Zeroing in on this idea of a “novelistic” movie, here our heroine moves through the widest possible range of emotions and situations—which demonstrably changes her fundamental attitude toward her life and being alive, multiple times. Unlike so many movies focusing on female pain, her character remains active. Doing things (even if they are self-destructive and meaningless) seems powerful and hopeful—in fact pretty much the essence of the human condition. And Lee is smart to also include a more “basic” character to always ground her suffering in dumb joy and hope. 


Our Time, 2h57min. (Carlos Reygadas, 2018): 2/5

Not novelistic. Lots of beauty here but in its bagginess, indulgence and dissipation, the work it reminds me the most of is Inland Empire. Sicinski claims this tale of a humiliating open marriage is autobiographical enough to have “removed the frame” to the extent that he wonders whether it is even art (!?). If this is true, it is a true act of Fassbinderian masochism.


My Sex Life…or How I Got Into an Argument, 2h 58min. (Arnaud Desplechin, 1996): 2/5

Not novelistic.  A gabfest chock full of solipsistic characters, very much a la The Mother and the Whore and just as dull. I ask myself whether I would have liked and related to these characters if I was closer to their age, but I believe I would have then been if anything even more puzzled and antagonized by this tone poem of the sexy and self-satisfied. 


Once Upon a Time in America, 3h49min. (Sergio Leone, 1984): 3/5

Novelistic. Full of grand and epic street scenes, with 100s of people walking through massive sets or just 40 people casually sitting around. Three time-frames in a dreamy jumble. The kid stuff has a certain Bugsy Malone quality except there’s a lot of 14-year-old prostitution-adjacent content. In fact, the movie is fascinated in general with all possible below-the-belly-button activity, always to embarrassingly dated effect. For example, our fine, handsome and soulful protagonist very certainly commits two screaming, crying rapes. Yippee!
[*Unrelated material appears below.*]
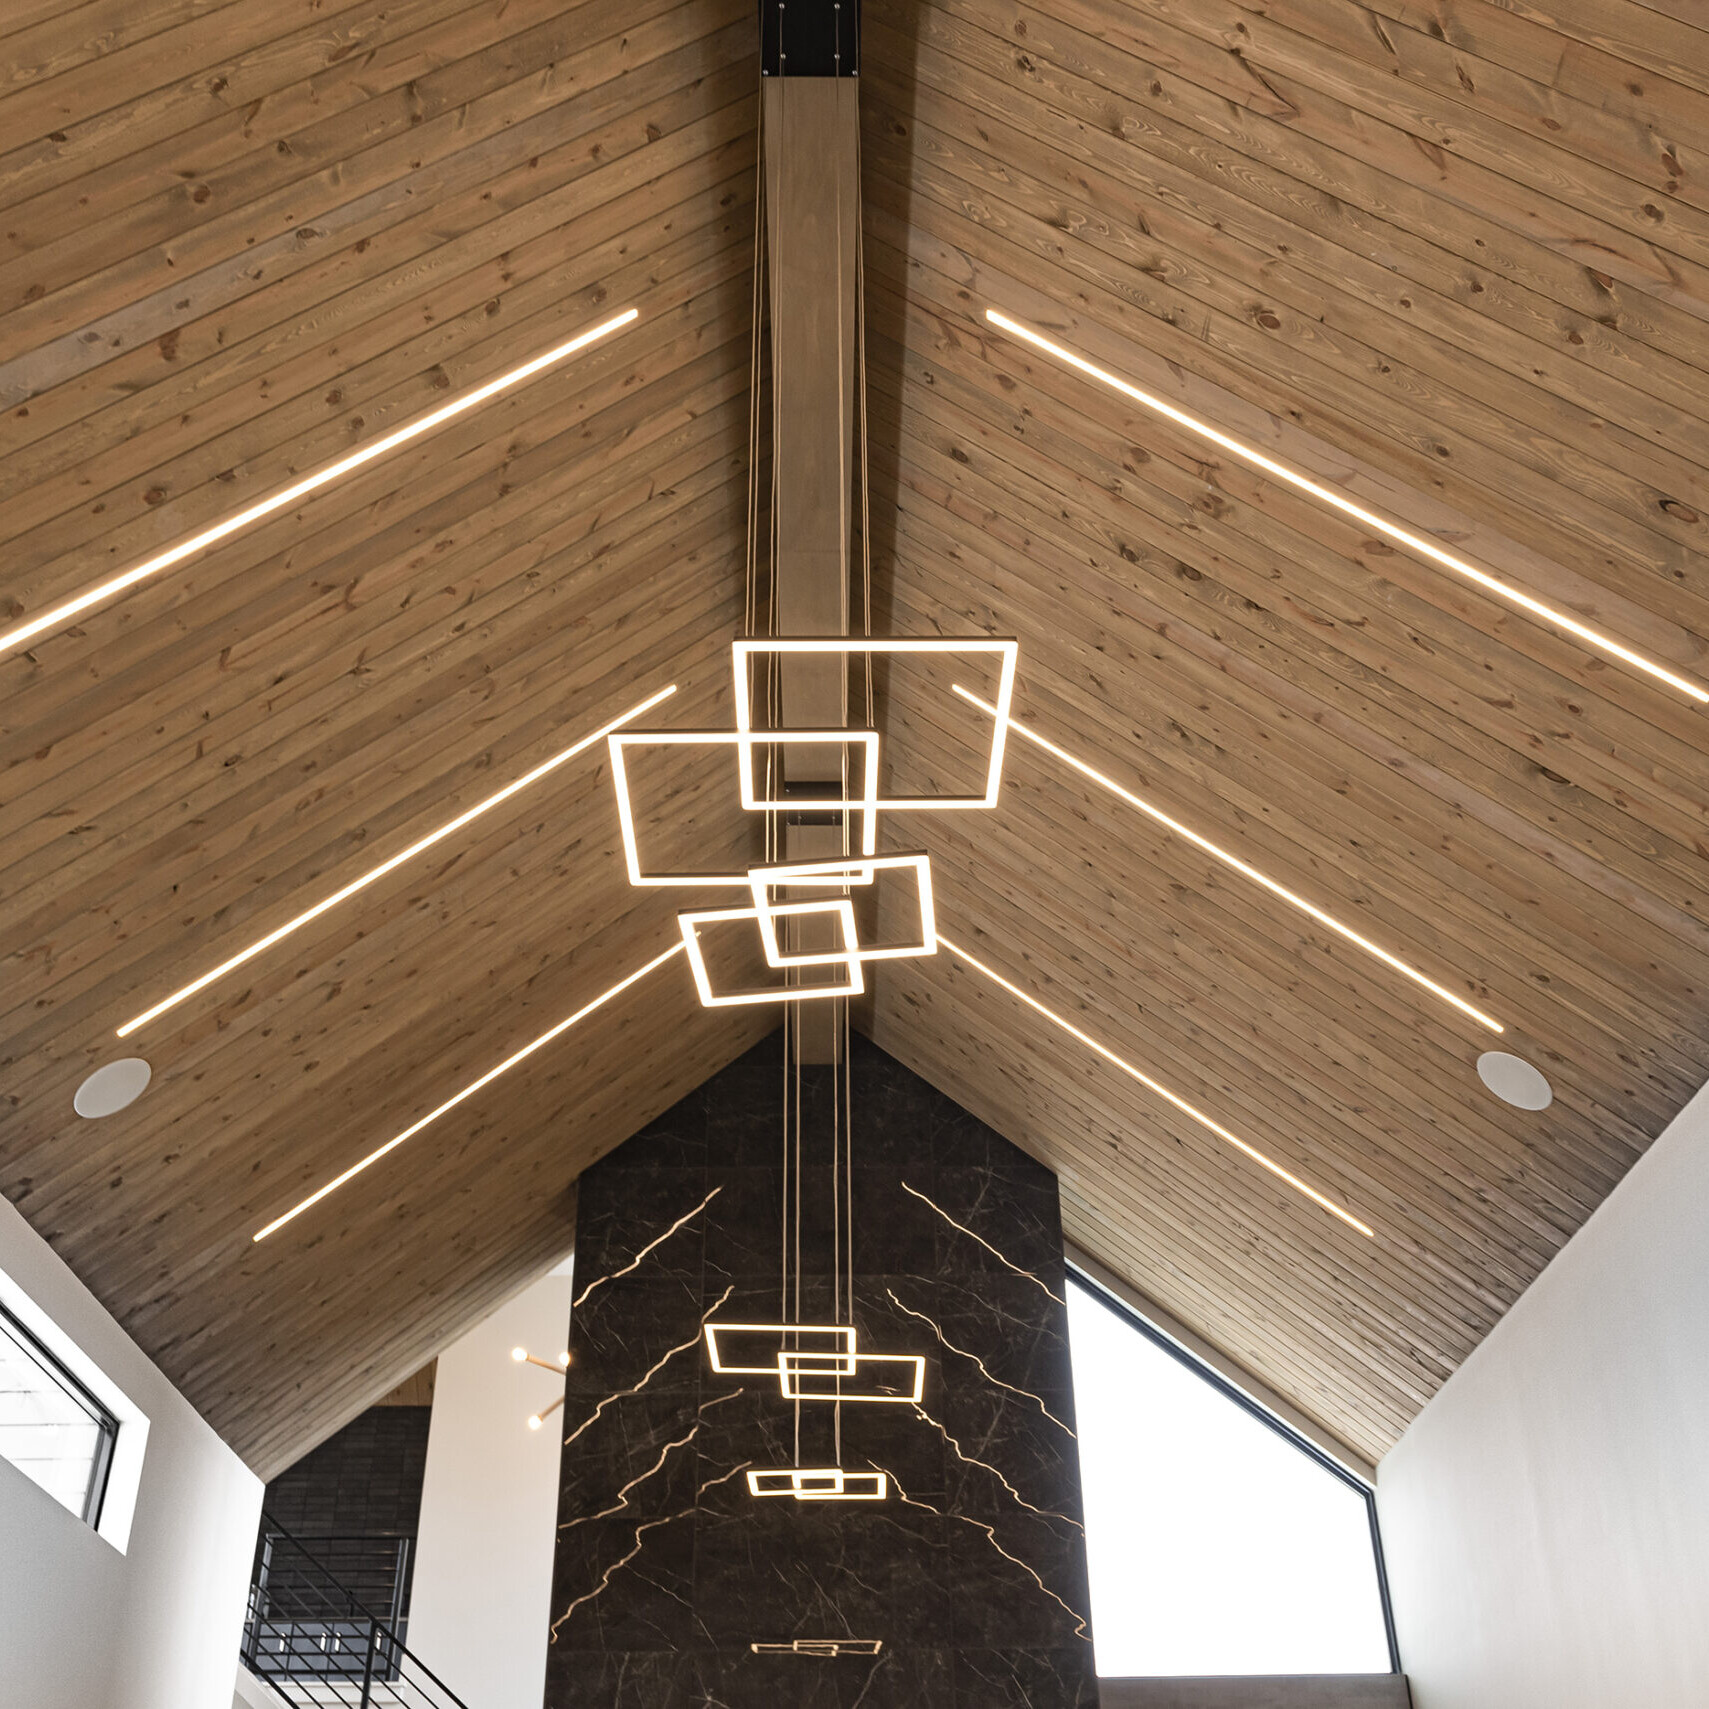 The ceiling of a building with wooden beams.

To emphasize the grand emotions, the last 30 minutes slows to a deadly, Refn-ish crawl. 


Marketa Lazarová, 2h42min. (Frantisek Vlácil): 2.5/5

Not novelistic. In fact, barely narrative. Hawks, slaughter and miles of mucky pools of standing water in 16th century snow and slush. Do you find Andrei Rublev insufficiently dreamy and incoherent? Then this is the epic for you. 


Love Exposure, 3h57min. (Sion Sono, 2008): 1.5/5

Not novelistic. A silly, broad, adolescent sex comedy. This was something of a sensation in Japan, which doesn’t speak well for the country and its future. 


Margaret, 2h58min. (Kenneth Lonergan, 2011): 4/5

Novelistic. Addressing a complex moral problem (ones own responsibility for and contribution to the everyday horrors of the world) with many casually real scenes, filled with swirling and intense emotions and, at times, great acting. Also on some level a portrait of a divisive post-911 NYC. 


1 comment:

  1. I look forward to reading your dissertation on novelistic films! What's the title gonna be? May I suggest, "The Book Was Better...OR WAS IT???" by Justin Scupine, Forward by Jerry Mosher.